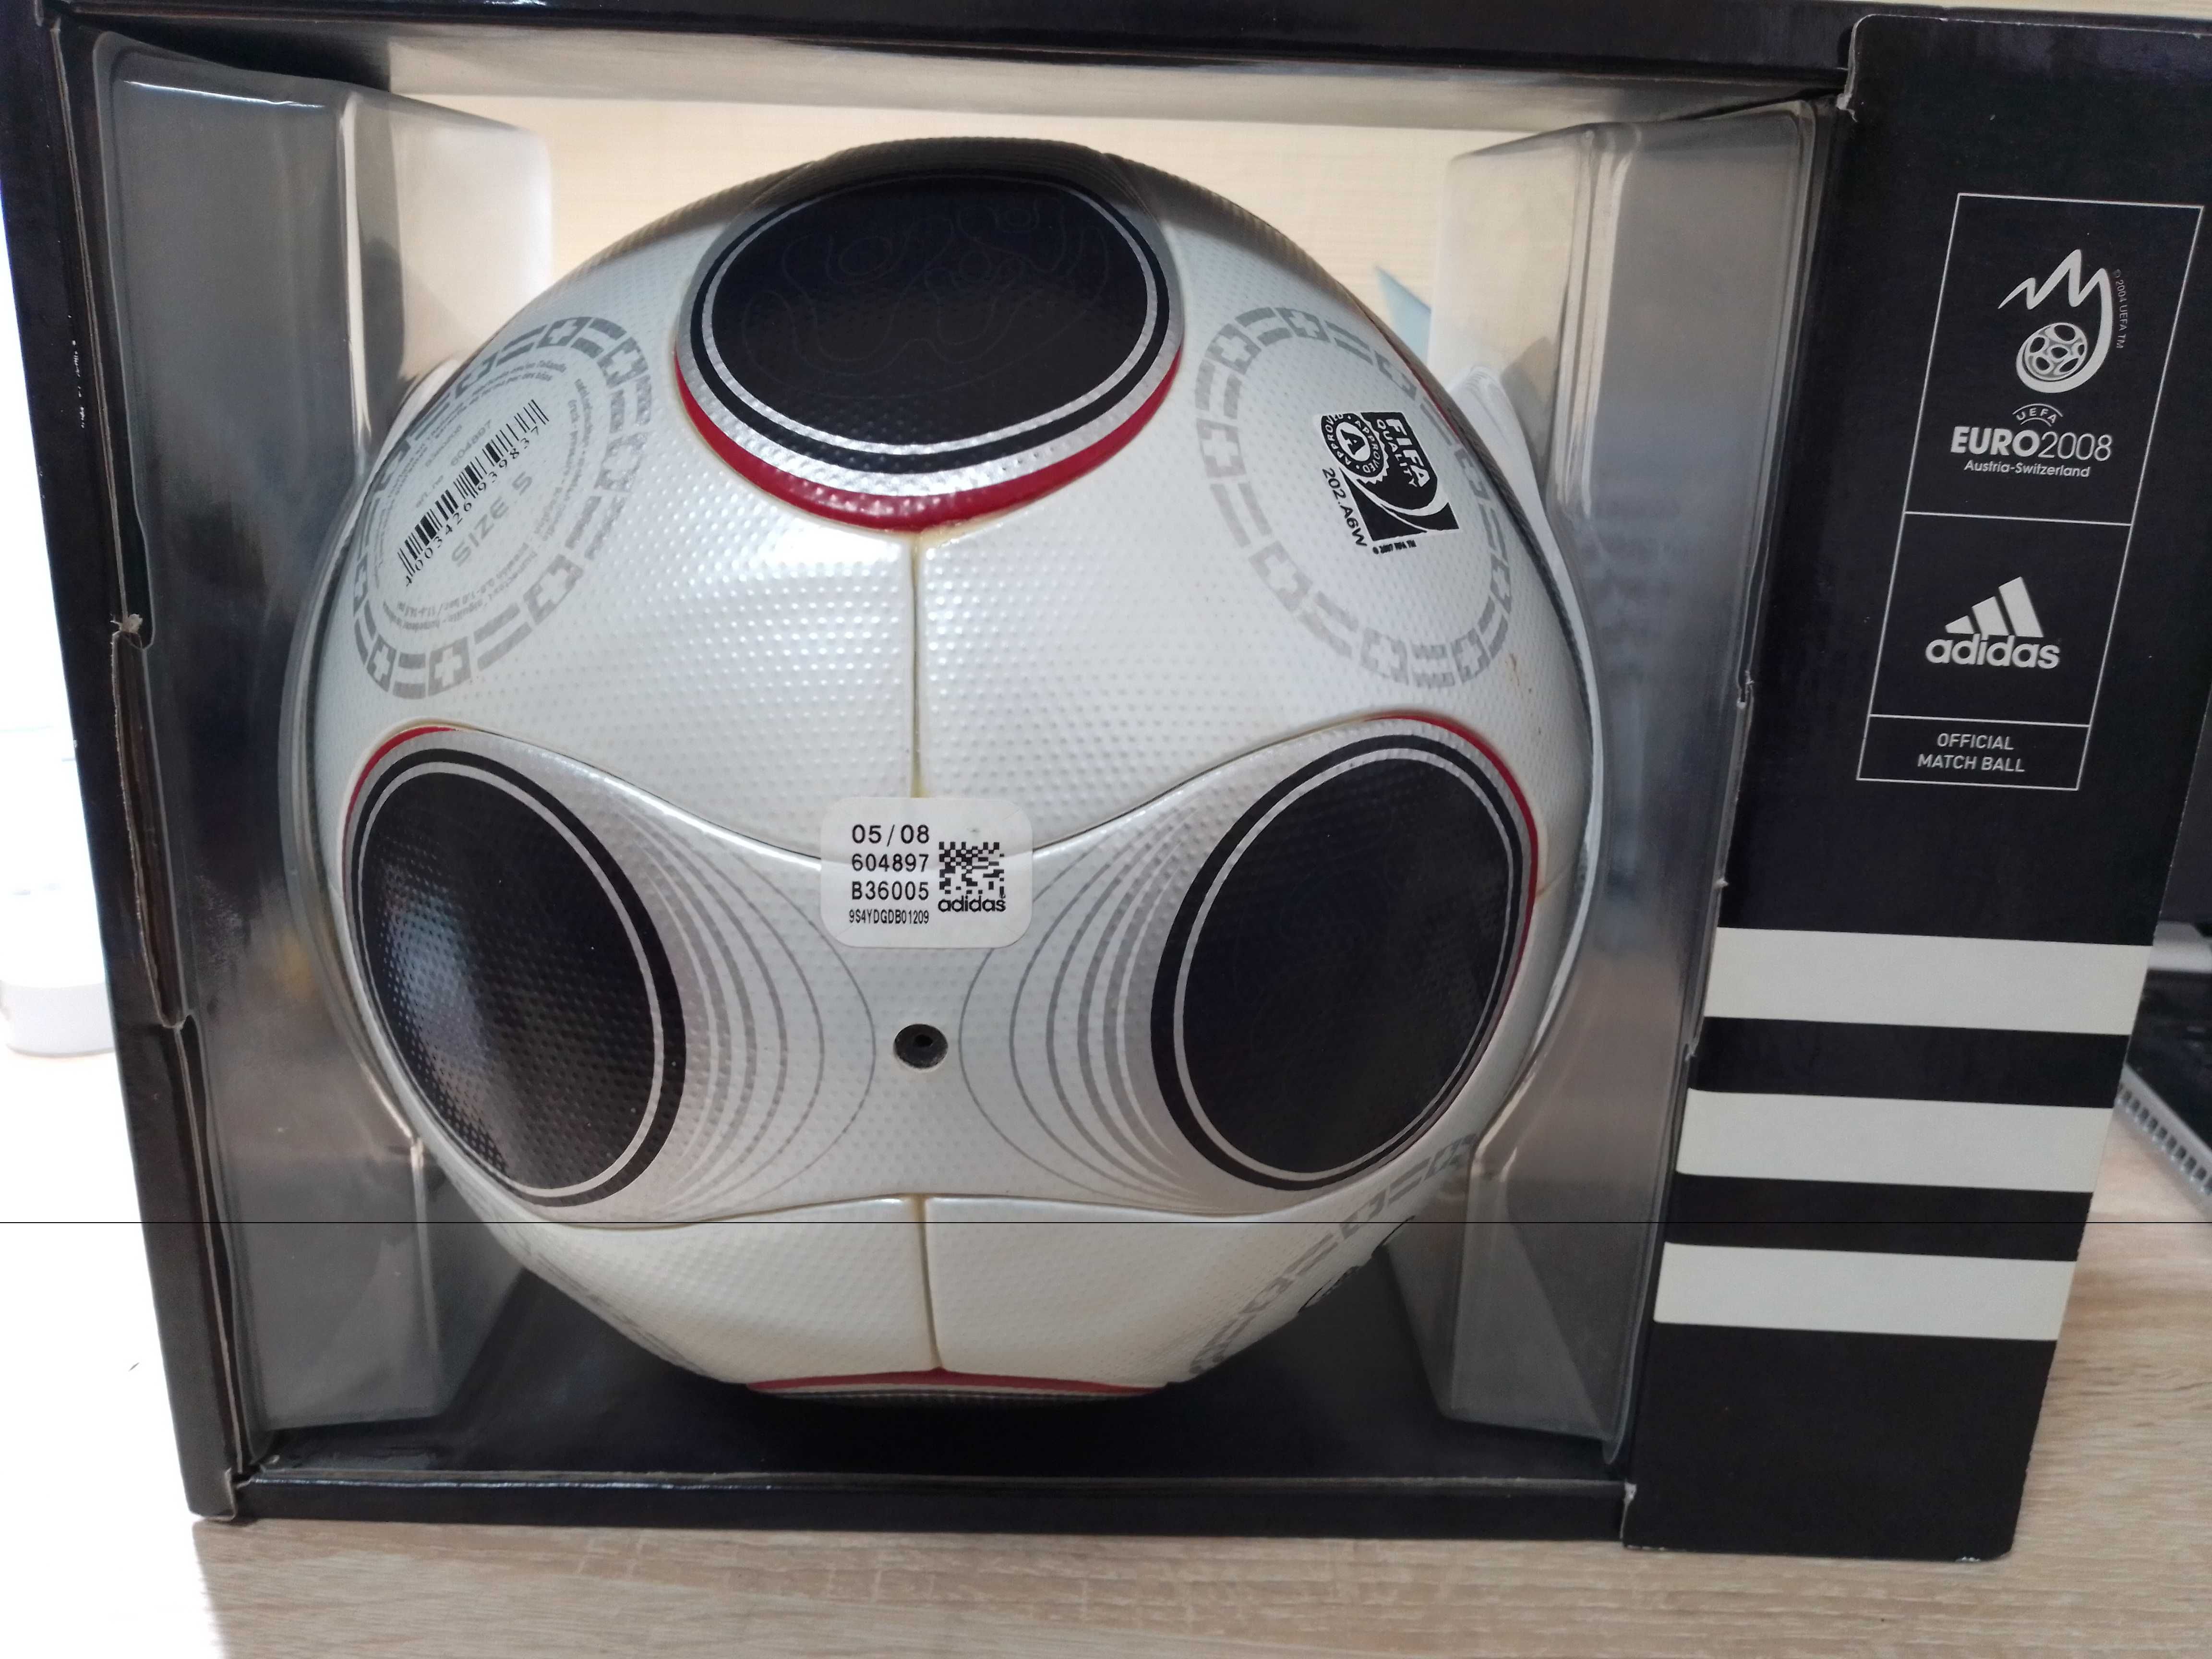 Футбольный Мяч Adidas UEFA Euro 2008 EUROPASS in BOX (Новый)
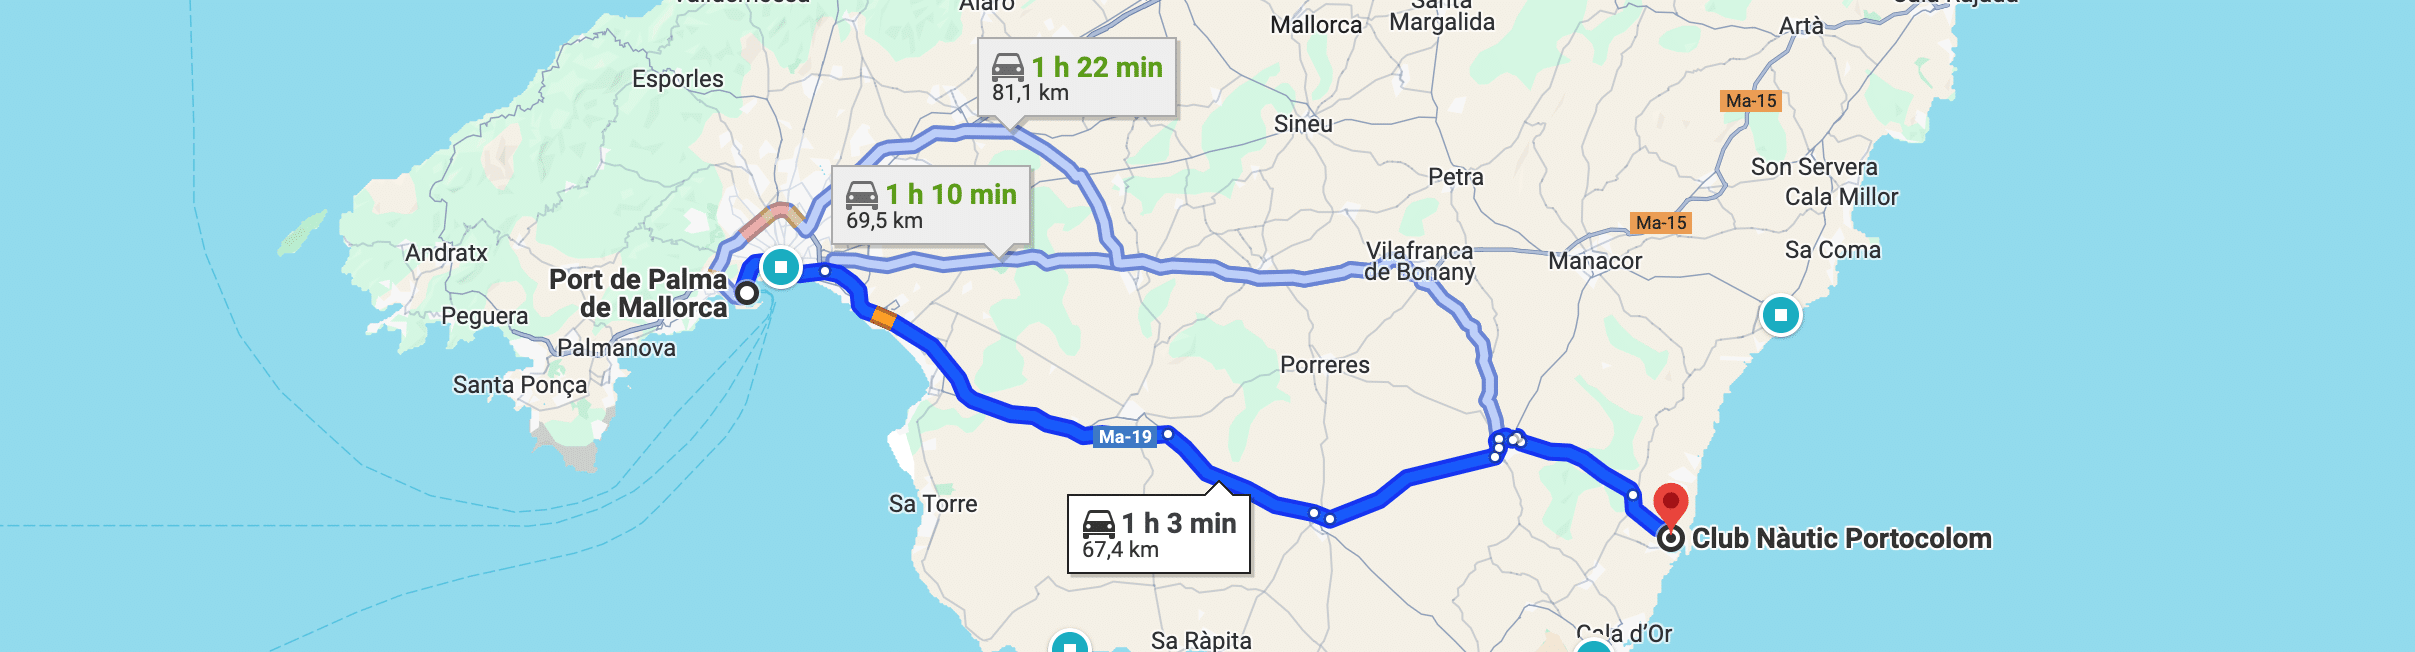 Eine Karte mit drei Routen vom Hafen von Palma de Mallorca zum Club Nàutic Portocolom. Die in diesen FAQ beschriebenen Routen sind zwischen 67,4 km und 85,1 km lang und dauern zwischen 1 Stunde 2 Minuten und 1 Stunde 13 Minuten. Wichtige Autobahnen und Städte sind entlang der Routen markiert.
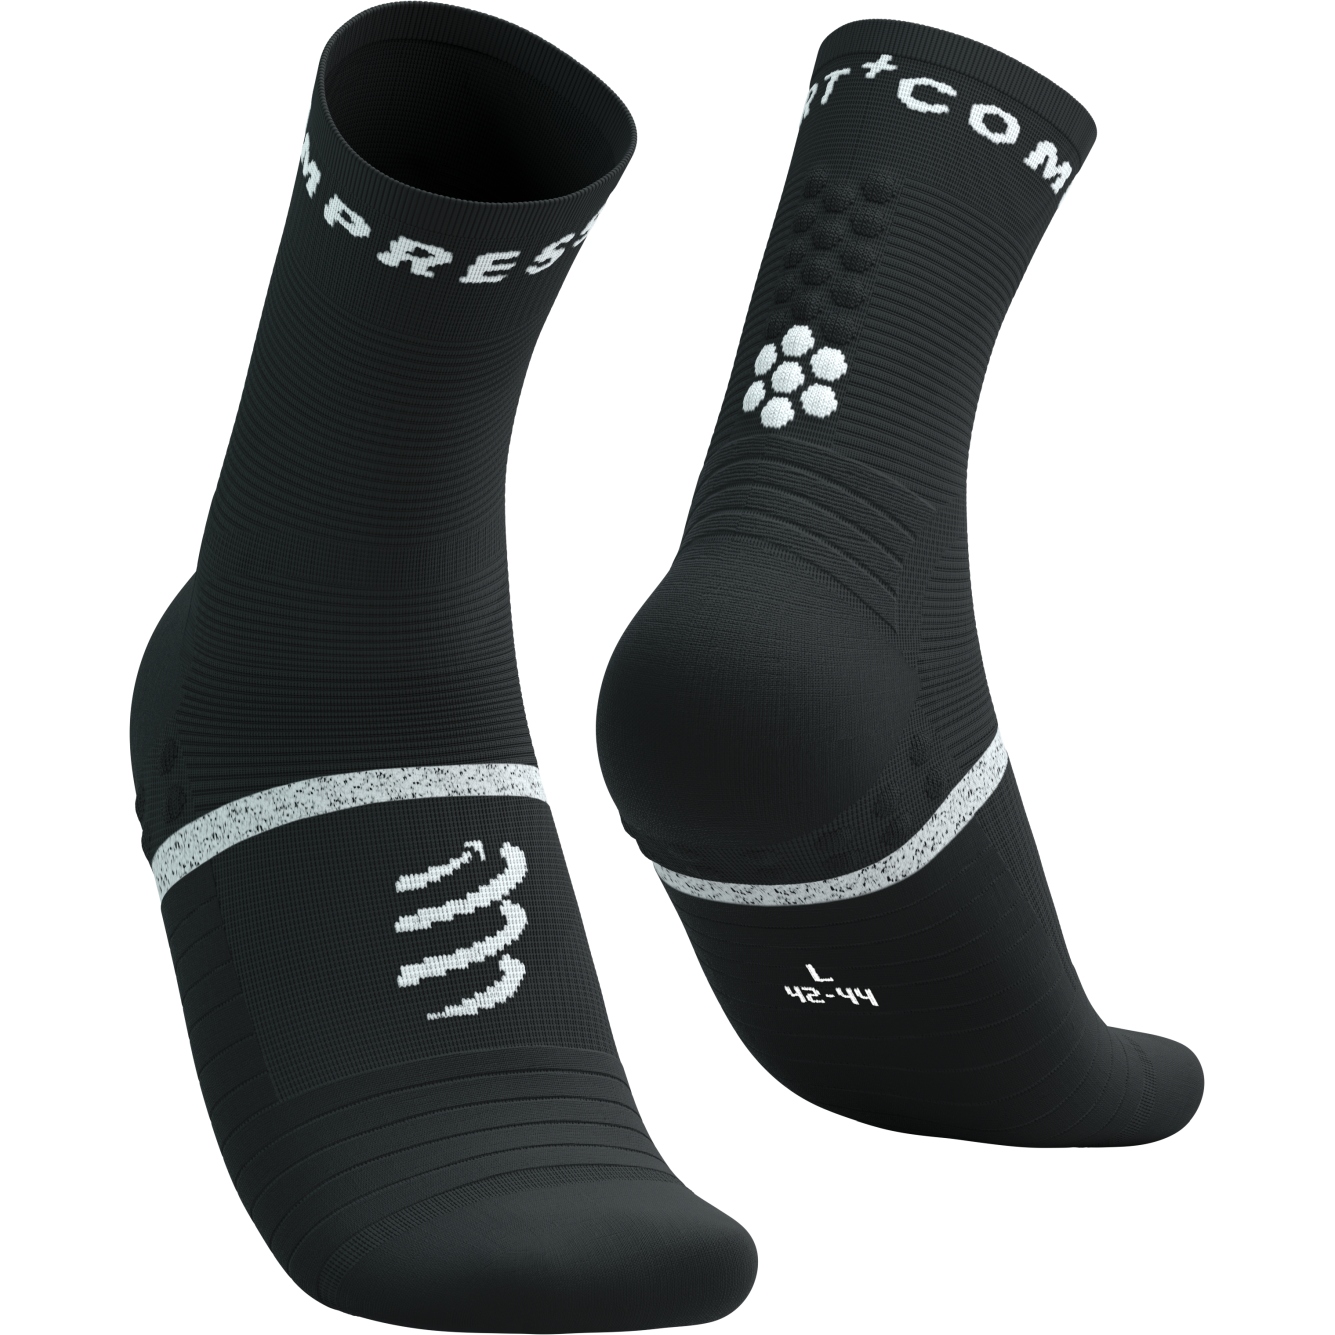 Productfoto van Compressport Pro Marathon Sokken v2.0 - zwart/wit
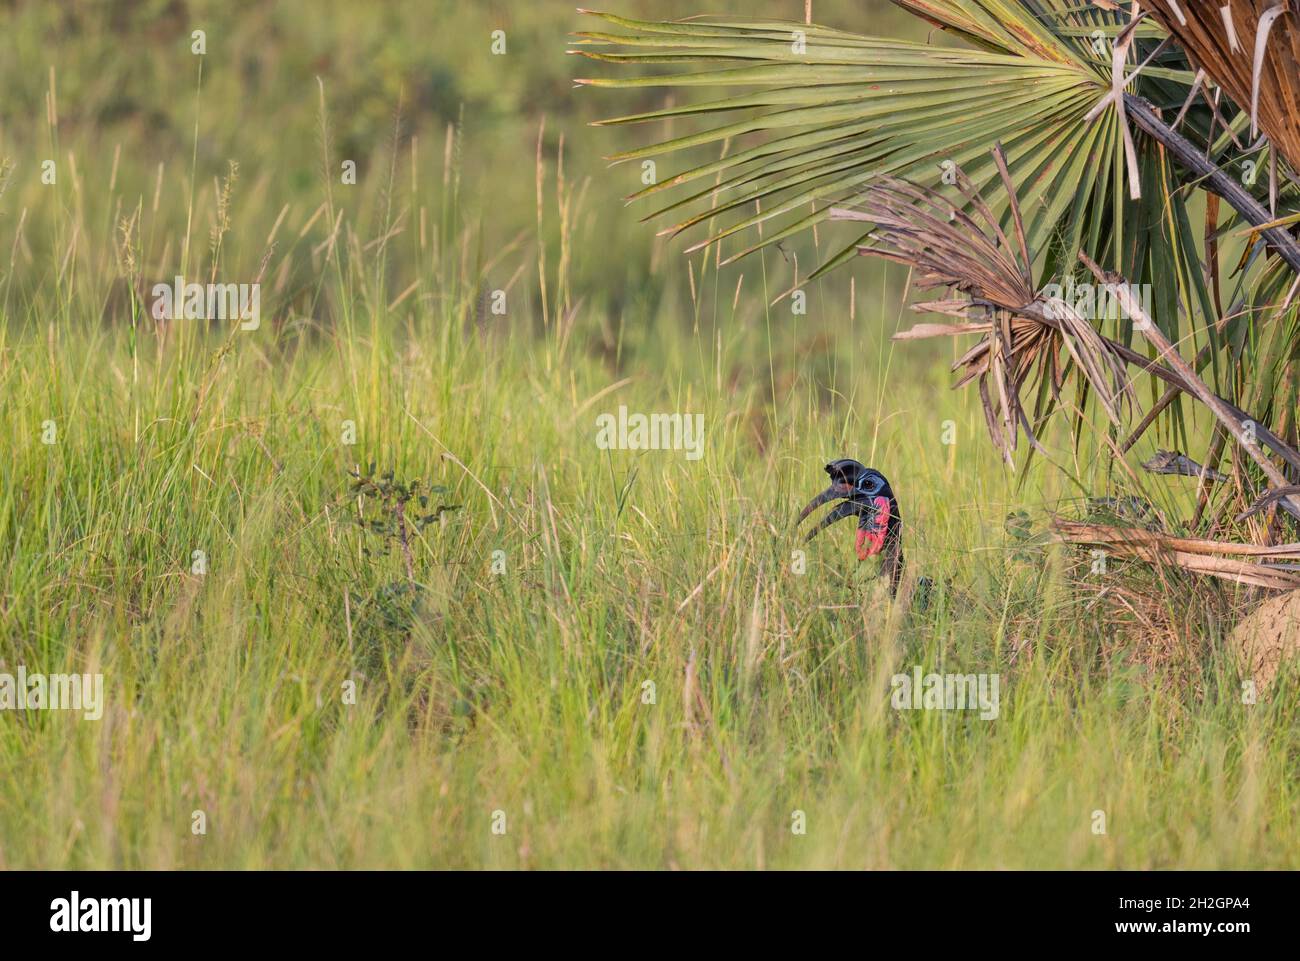 Abessinischer Hornbill - Bucorvus abyssinicus, spezieller großer Vogel aus afrikanischen Savannen, Murchison Falls, Uganda. Stockfoto
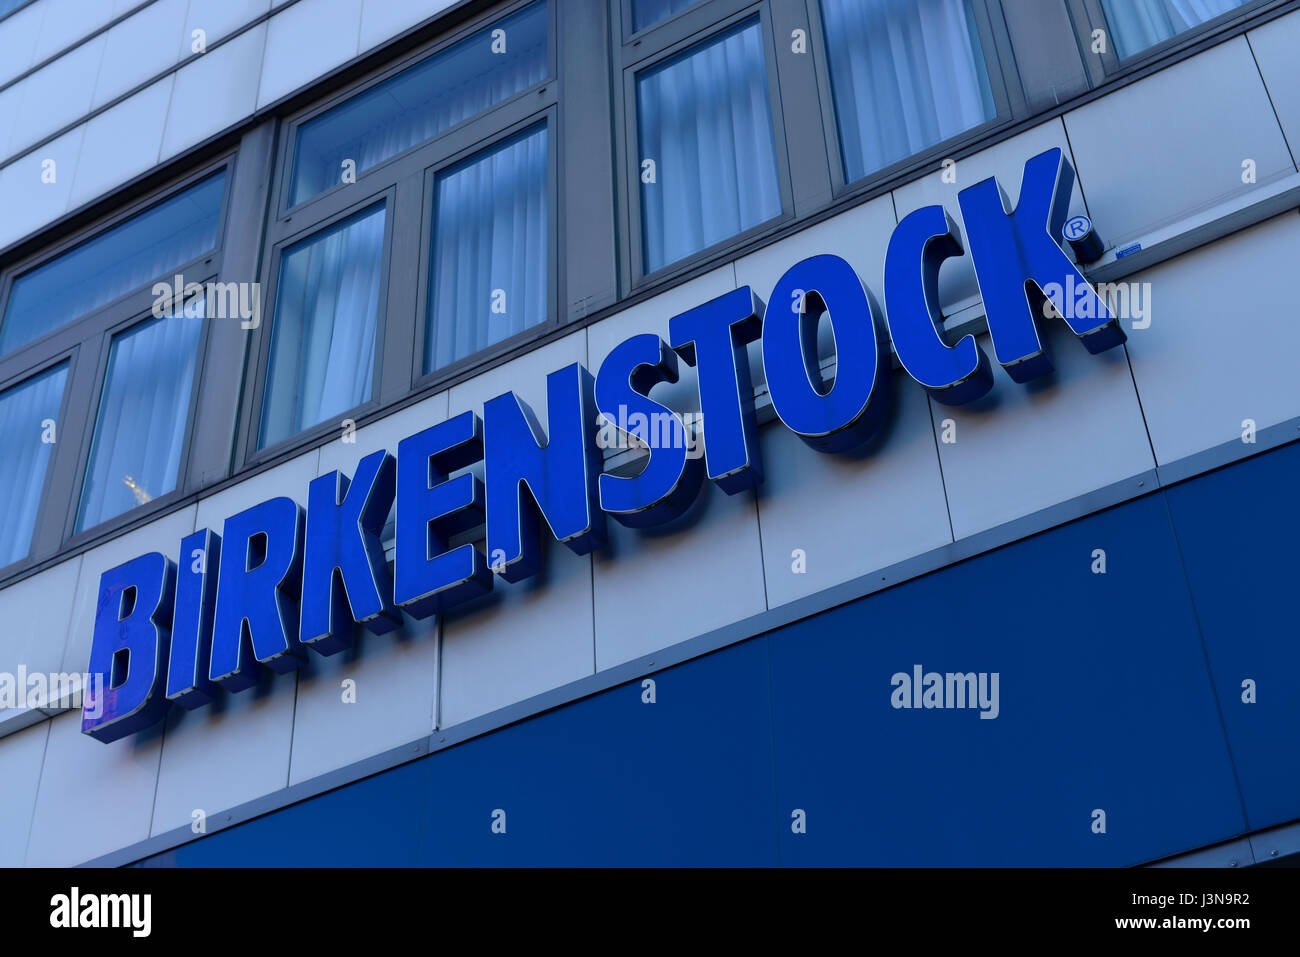 Tienda de birkenstock alemania fotografías e imágenes de alta resolución -  Alamy

▸ What the exercise asks:
Nothing in the entries above should change when they are printed again, except that the pictures are dropped.

▸ Finished task:
 Футбольный Мяч Adidas UEFA Euro 2008 EUROPASS in BOX (Новый)
 Eine Karte mit drei Routen vom Hafen von Palma de Mallorca zum Club Nàutic Portocolom. Die in diesen FAQ beschriebenen Routen sind zwischen 67,4 km und 85,1 km lang und dauern zwischen 1 Stunde 2 Minuten und 1 Stunde 13 Minuten. Wichtige Autobahnen und Städte sind entlang der Routen markiert.
 Productfoto van Compressport Pro Marathon Sokken v2.0 - zwart/wit
 Abessinischer Hornbill - Bucorvus abyssinicus, spezieller großer Vogel aus afrikanischen Savannen, Murchison Falls, Uganda. Stockfoto
 Tienda de birkenstock alemania fotografías e imágenes de alta resolución -  Alamy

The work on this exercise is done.